I had easily figured to myself, that it was easier for the emperor to let people know that such was his wish, than for others to affect an unconsciousness which they did not feel, or an indifference which they felt still less. I had guessed that, in such scenes, his desire to be allowed to move about unnoticed, was difficult to be reduced to perfect practice. But I was far indeed from being prepared for what I beheld.

Sauntering idly along, I became conscious, not of a start among the throng—not of any exclamation—not even of any particular hush, but of an indefinable sensation around me. Crowds have their general physiognomies like individuals. This sensation was as perceptible as a change of countenance, and as silent. I looked up, and in the midst of a vacant place, from which every one had shrunk back, as from a plague-stricken spot, or a haunted floor, or a "fairy-ring," about ten yards onward and facing me, I saw the emperor (his head bare), standing alone, with his back against the opposite wall. I had often seen him before in the streets, but never with so good an opportunity of noting his physiognomy, deportment, figure, and whole appearance.

"Now," said I to myself, "let me realize this with accuracy. It is not so much the Sovereign of Russia whom you see there, as it is Russia itself—a power—a sway, in a single person. He is the only surviving instance or ensample of types, such as loomed before the minds of the prophets of God aforetime, and have been thought worthy to be the themes of their awful predictions. This is Cyrus, or the second Cæsar; this a mystic statue—not that of which the head was of fine gold, but the breast and the arms of silver, and the belly and the thighs of brass, and the legs of iron; the feet part of iron, and part of clay."
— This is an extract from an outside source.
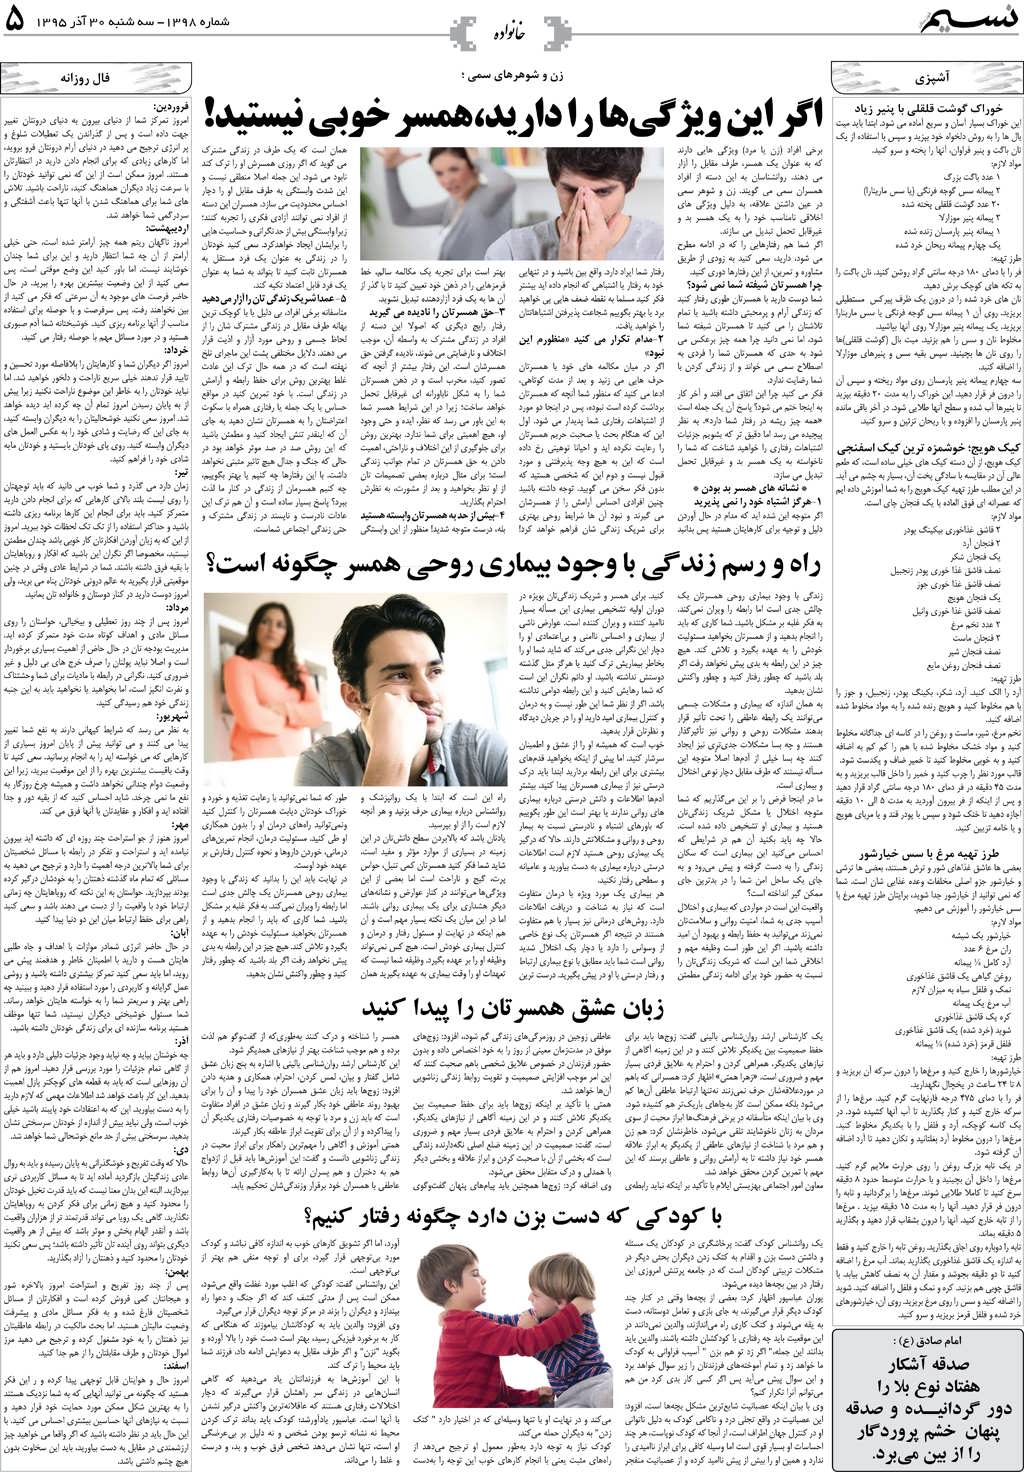 صفحه خانواده روزنامه نسیم شماره 1398

Not such; yet assuredly such like.

I forgot every thing around me, except that great mighty figure towering aloft. It were useless to describe very particularly the present Emperor "of all the Russias." People in England still remember him, as he was when he visited us in his magnificent youth. Years have indeed made some change. His hair is thin, which was then so abundant. Public care has written some lines on a face, far more commanding, though perhaps less haughty, and certainly less blooming than in those days. But he has still the same marvelous width of chest and shoulder, the same royal-looking height, the same large open blue eye, full of authority and instinct with mind; a forehead which is even broader and loftier than of old, and which never yet belonged to one whose mental powers were not extraordinary; and that statuesque set of the head, which, if it wore no crown, would yet make you know it for the head of some mighty king.

"They would have proclaimed him," said I to myself, "on their shields, in the days of Attila, or of Clovis."
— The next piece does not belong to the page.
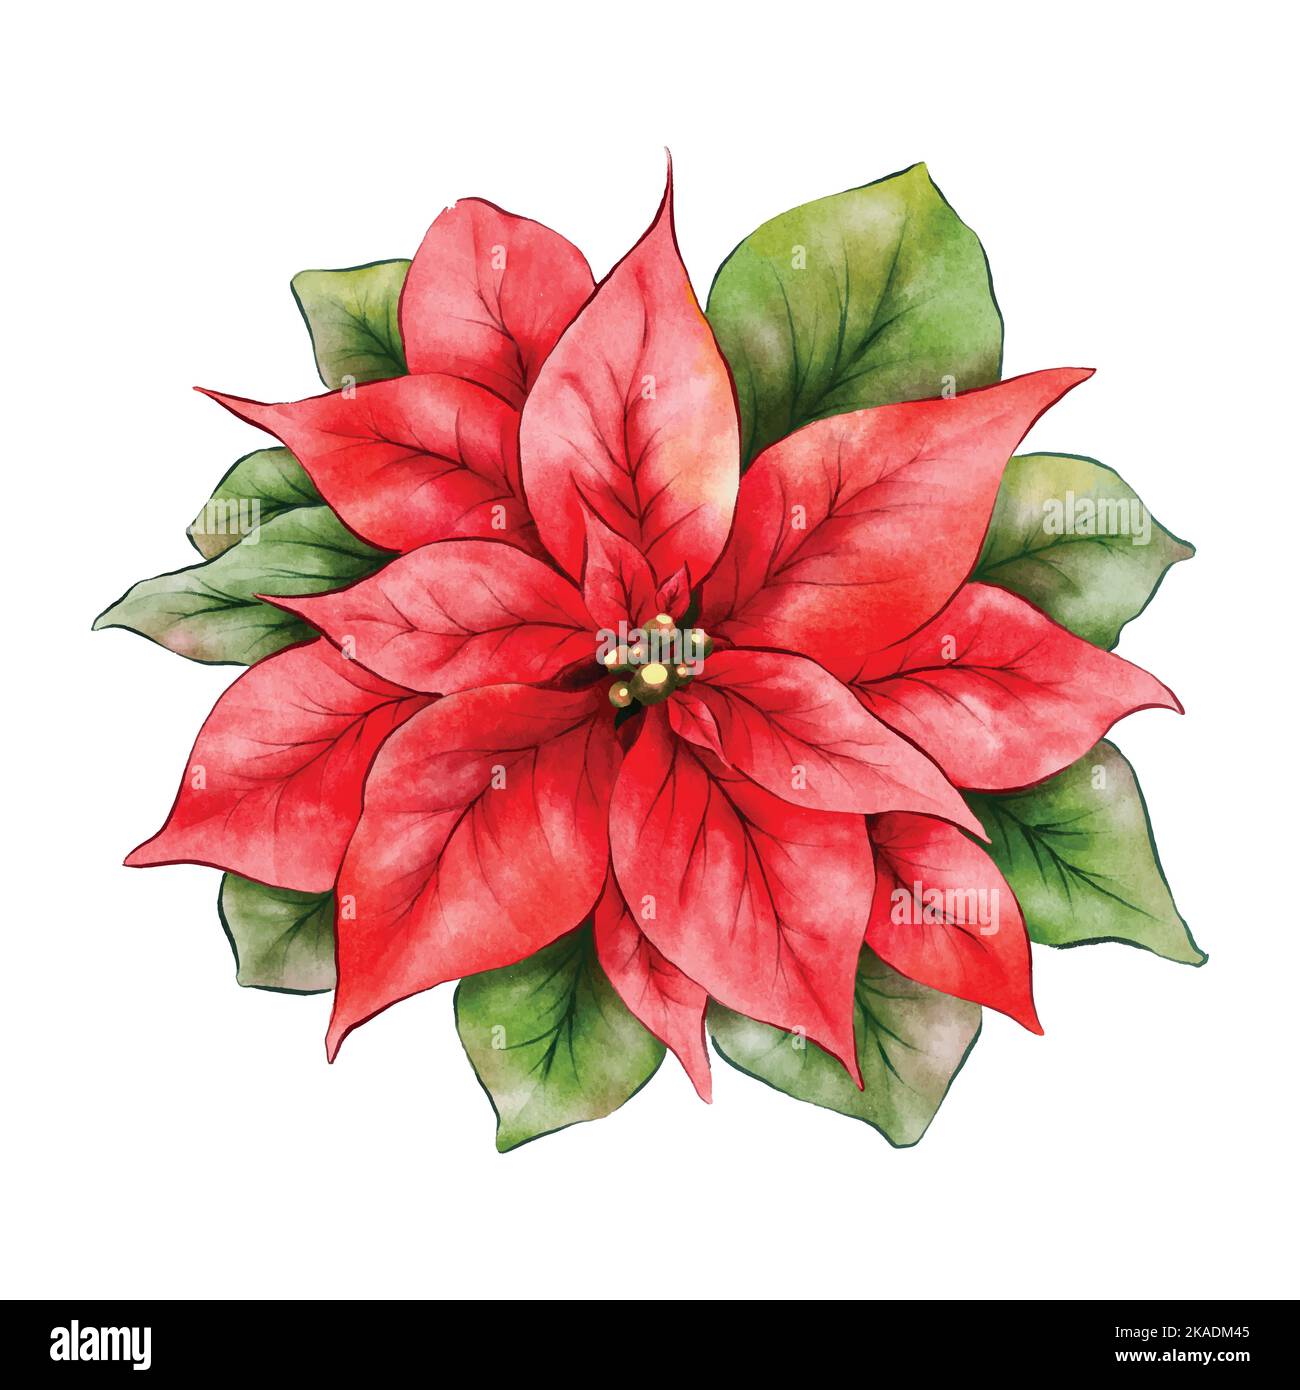 Noël poinsettia fleur aquarelle illustration isolée sur fond blanc. Elément vectoriel adapté aux fêtes de Noël, hiver, Illustration de Vecteur

On the present occasion, the emperor was standing alone, as I have said; his back resting against the wall, and a crowd of the most persistent gazers around. He looked vexed—even melancholy. They would not grant him this casual moment of amusement untormented. He had the air of one at bay. He faced the crowd full, and wherever his glance fell, I could see all eyes sink before it immediately. It rested a moment on myself. I had often heard, and often read, that it was difficult to return his look; and why I know not. It is but an eye; yet, whether it was the involuntary sympathy I felt for a king thus bayed in his moments of relaxation, or whether it was that in his piercing glance, there is an expression as if he were about to address you, and thus to make you the object of universal notice, or whatever else it may be, I too dropped my looks to the ground.

A couple of masks approached him as if to speak; he turned full upon them, to give the opportunity; their hearts failed them at once, and with a low courtesy, they shrank back again.

I saw him again several times during the evening, once walking with a lady (deeply masked, if I remember). His dress was that of a general officer, and he wore a lofty hussar's cap, with a single tall feather at its side. It made his stature seem still more colossal.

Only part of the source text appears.